You’ve probably seen members of PR everywhere around the agency, the “curious and well-informed civilians” of podcast fame and beyond. Whether it’s Ashley or our photo and video team, or yours truly hunting down stories in the most obscure areas of the agency, we do our best to always be expanding our connections with members and units in the PCSO so that we don’t miss out on anything. But there are 2,800 of you and just a few of us, and we can’t be everywhere. “Send me things,” Ashley begs. “Photos, videos, anything you think might be good for social, even if you’re not sure. If you have an interesting case, send us the case number and we’ll look at the body cam. If you have an idea, tell us and we might run with it.”

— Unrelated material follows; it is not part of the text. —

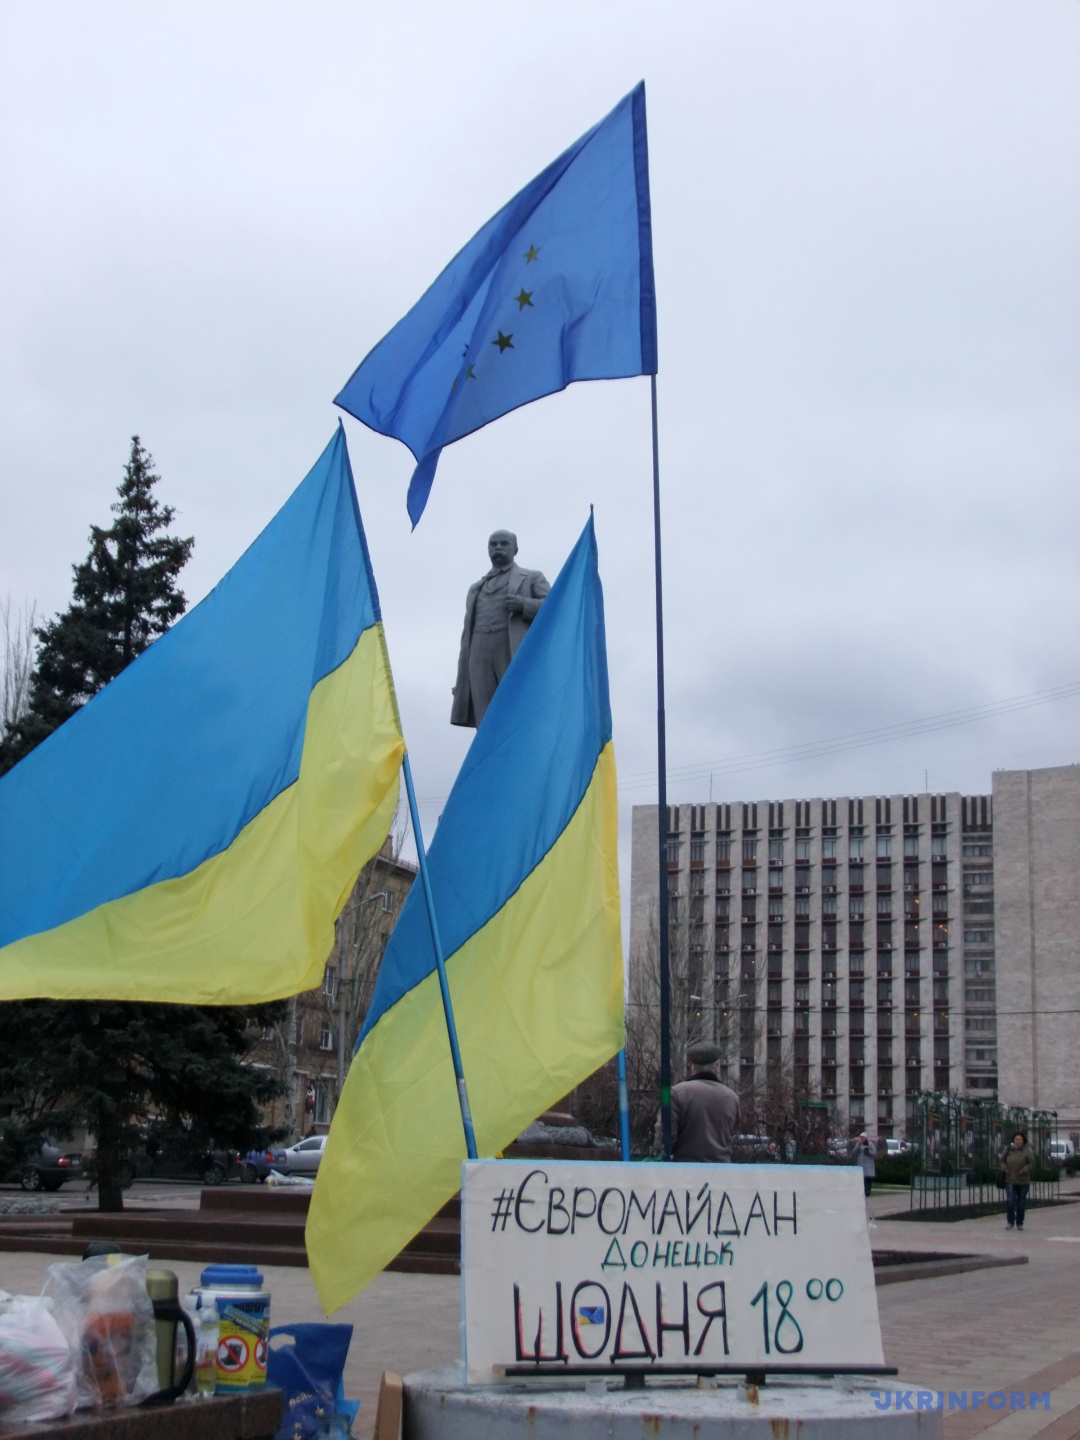 Прапори України і ЄС біля пам’ятника Тарасу Шевченку, де триває акція на підтримку євроінтеграції, в Донецьку, 27 листопада 2013 року. / Фото: Юлій Зозуля

Our job is literally to make you look good, so don’t be afraid to send us things – we won’t let anything into the public if it’s not appropriate, and everything is vetted by PR. “Trust us, we’ve been doing this long enough to know what might be problematic.” Of course we don’t just want content from patrol and specialized units. Send us things from the jail, courthouses, and civilian positions too. Think of what you like to see on social media (it’s cats, I know it’s cats) and then figure out how that can translate to the law enforcement world. Animals, positive interactions with the community, happy stories, touching stories, funny calls, DUIs, interesting arrests… we want the soft fluffy stuff AND the hard crime, as long as it can be presented in a way that educates and informs the public.
People talk about the thin blue line – the idea that law enforcement is the line keeping society from devolving into chaos. We in PR sometimes say that we’re the ones who actually hold the line. Through the stories and social media content we create we interact with far more people than all our deputies combined. What we have to say influences more people than what any one deputy can do on their own. “Deputies are holding the line with the bad guys – we’re holding the line between law enforcement and everybody else,” Ricky says. “The public has a lot of thoughts about law enforcement, and we have a tremendous responsibility to mold those thoughts and point out when they’re wrong.”